Characteristics of the Data
Distributional assumptions are often violated in practice. Employment income, for instance, has a very peculiar distribution. Even after selecting out those not in the labour force and those outside the age range of employed persons, there are still problems with the distribution that make it difficult to work with in, for example, a linear regression.
Tricks like log transforming the data to make the distribution more symmetrical do not seem to work. The resulting distribution is still non-Normal. The distribution is, for the most part, truncated at zero, although there are a few percent with negative income. This was handled by taking the absolute value of income, with the reasoning being that it is only the truly well off who could afford to lose $50,000 in a single year.
A special type of regression known as Tobit regression (named after its developer, Tobin) was used to handle the truncation at zero. This was very important when analyzing social support income, defined as the sum of Canada Pension and "income from other Government sources", because few people reported having any of this income in 1985. Tobit regression assumes the data are censored above or below certain values, in this case below zero. The technique is similar to survival analysis in that it uses a censoring value to stand in for an indeterminate quantity. In fact, it is run using one of the procedures in SAS designed for analysis of survival data.
The parameter estimates resulting from a Tobit regression are not interpretable in the same way as those from a linear regression. Techniques are available which decompose the parameter estimates into two parts: the effect on the probability of the income being above zero, and the effect on the mean income given that it is above zero. Such a decomposition was used to estimate the effect of specific medical conditions on social support income.

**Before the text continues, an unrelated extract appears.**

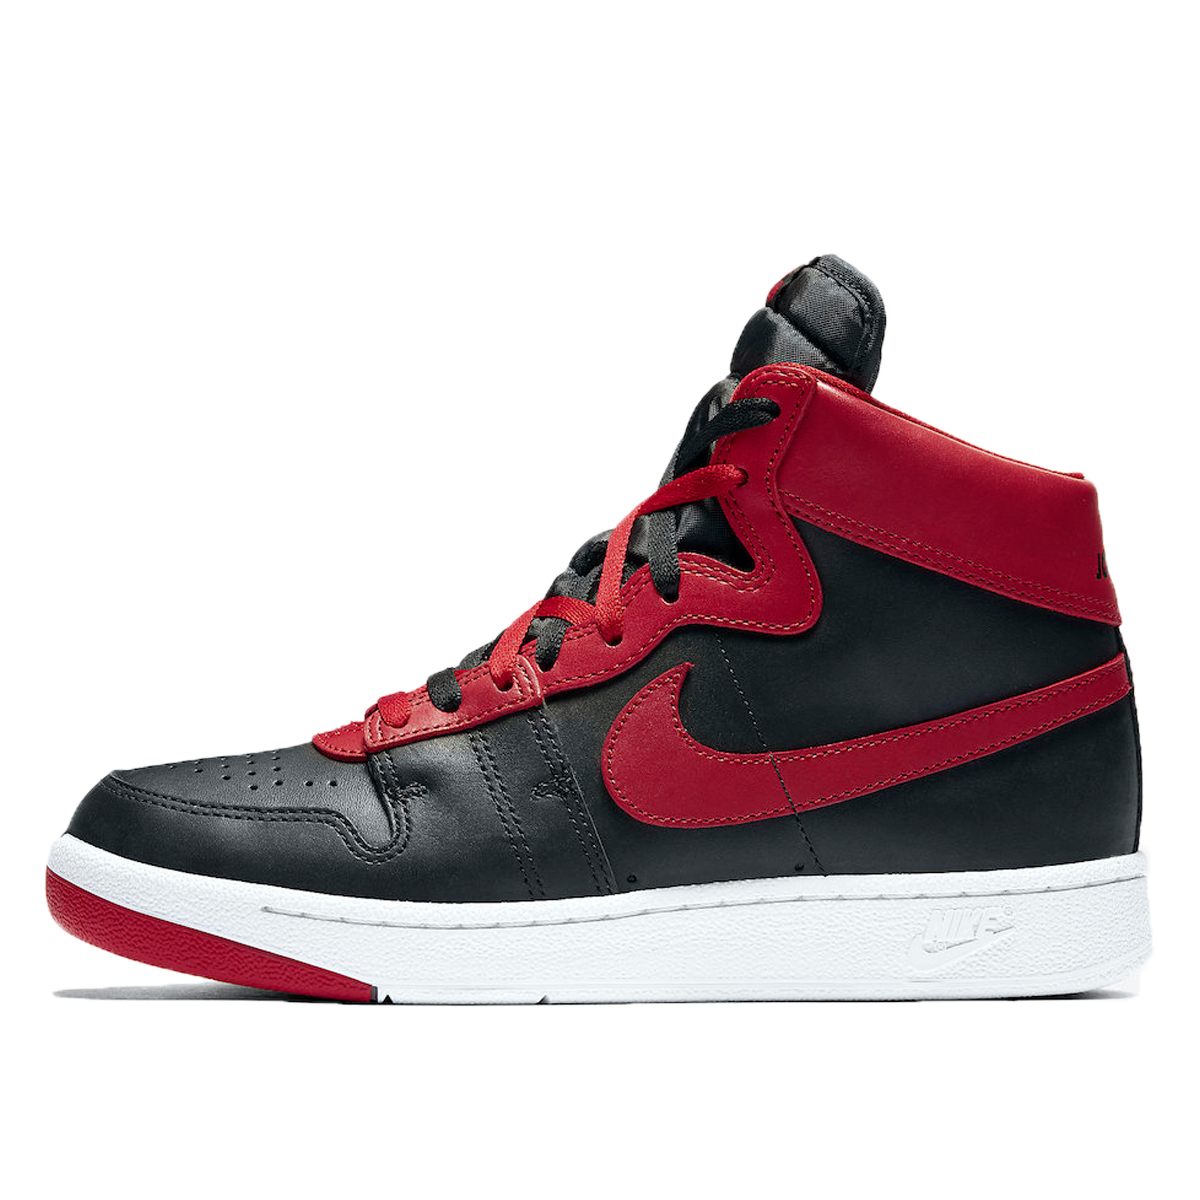 Nike Air Ship Pro Banned 'Special Edition' (2020) | CD4302-006 - KLEKT
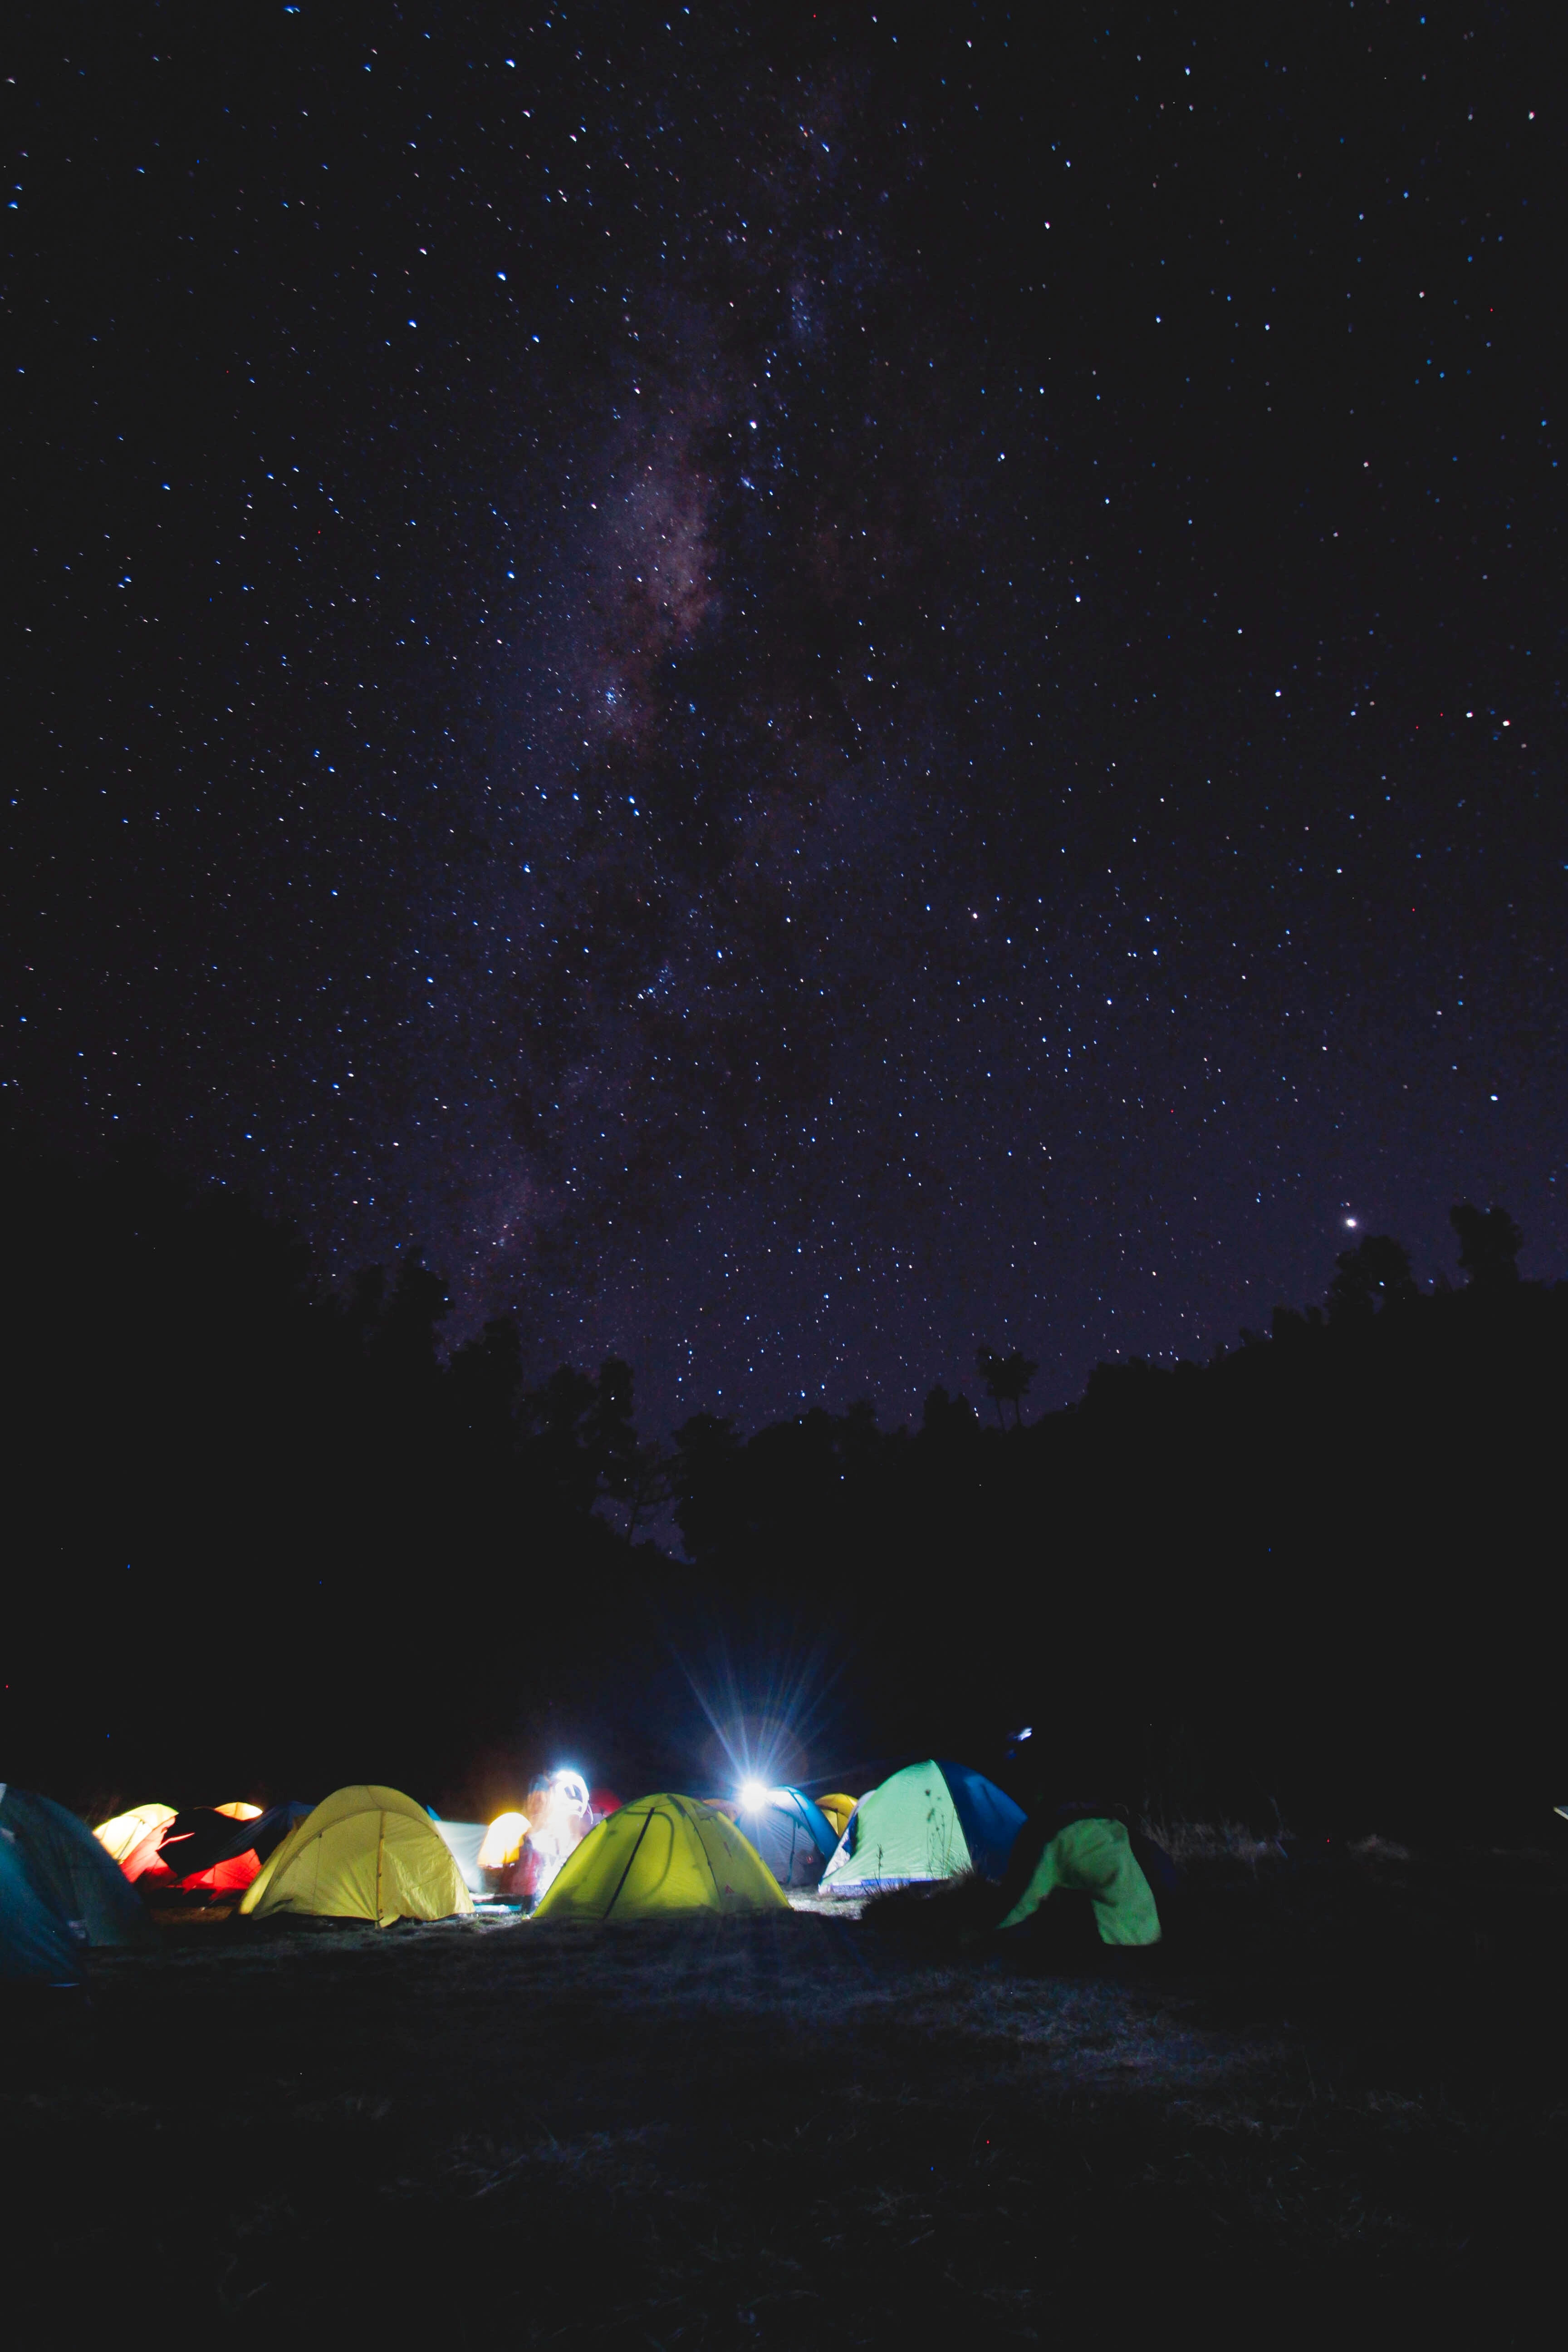 campsite, nature, night, starry sky, tent, camping, tents

The linked sample contains about 44,000 people, or about 4% of the 1986 population, which is more than sufficient for running analyses. When finely subdivided, however, such as when studying individual occupational categories, the small number in each group may be insufficient. It can be difficult, in other words, to determine if working-age male farmers have more digestive disorders than those in other occupational groups.
A Powerful Dataset
In spite of these problems, the dataset is very powerful. Medical utilization over time can be correlated with demographic characteristics only available from the Census. This allows study of, among other things, the link between unemployment and health, suicidal behaviour, and treatment for mental health conditions. Other study designs commonly used to look at unemployment, such as factory closure studies, are usually limited to a very specific subset of the population, and it can be difficult or impossible to control for pre-closure health status or level of health care utilization.